# new iPod's won't work with most video-out accessories



## reef150 (Aug 16, 2007)

Doing some reading on other boards tonight and it sounds like the new set of iPods introduced this week (iPod Classic, new iPod Video Nano and iPod Touch) will now require "special" video docks/cables that contain some special Apple security chip to enable/allow TV-out.
I'm more than bummed that I spent a fair bit of last weekend installing the DICE Video iPod cradle and running a cable & connectors to the back of the center console to hook up to an LCD panel for the kids.... I don't have a Video iPod at the moment, but was prepping for a Christmas purchase and I sure don't want to but an old one with these great new ones out - but I may not have a choice....
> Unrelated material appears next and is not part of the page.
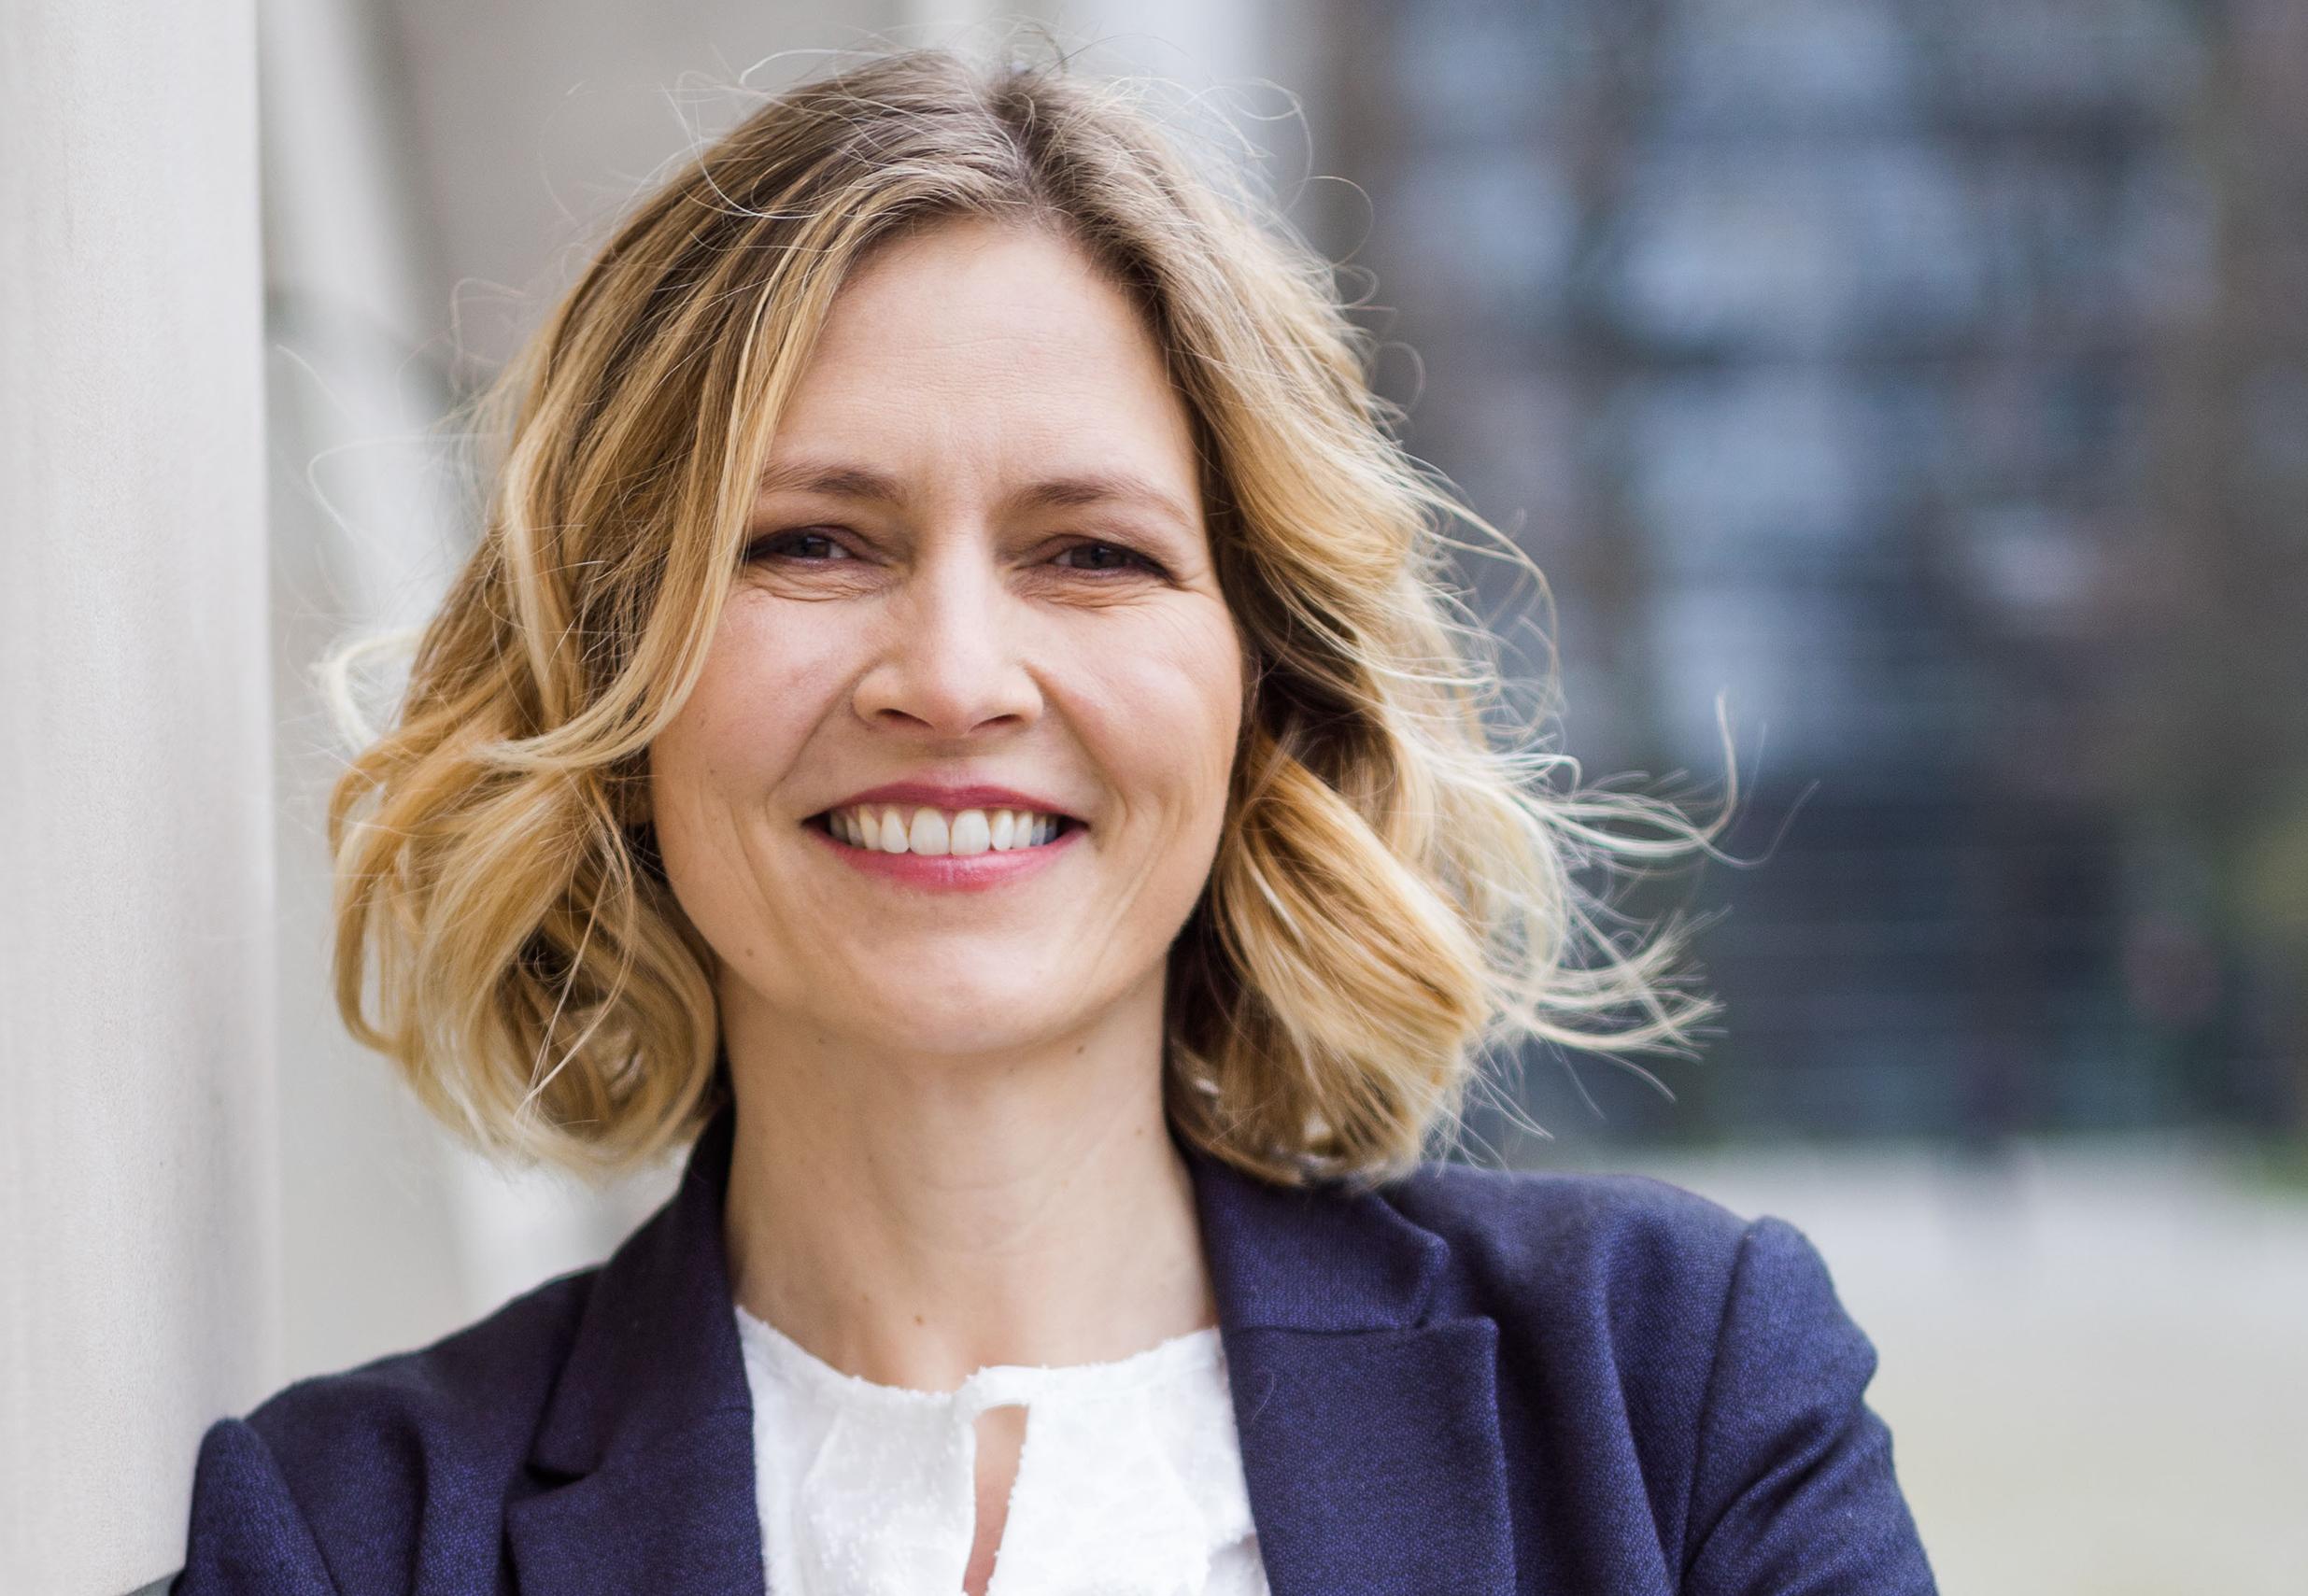 Podcast: ErfolgsgeDANKE #08 mit Melanie Wyssen-Voß, Gründerin von Digitalstation

I've got an support query into DICE to see the status of their cradle - will update this when I hear more....


----------



## rider1deep (Apr 19, 2004)

*Re: new iPod's won't work with most video-out accessories (reef150)*

remember though that the new video nano and touch are using flash memory... meaning the max they fit into them is like 16gb... if you're using this cradle to play video for the kids during trips and have music, you may just want to get a standard video ipod with 30gb or more...


----------



## reef150 (Aug 16, 2007)

*Re: new iPod's won't work with most video-out accessories (rider1deep)*

Yeah - of course, I hate to buy an "old" video iPod when you can get so much more space for not much more... then again - that's the technology game, huh.....


----------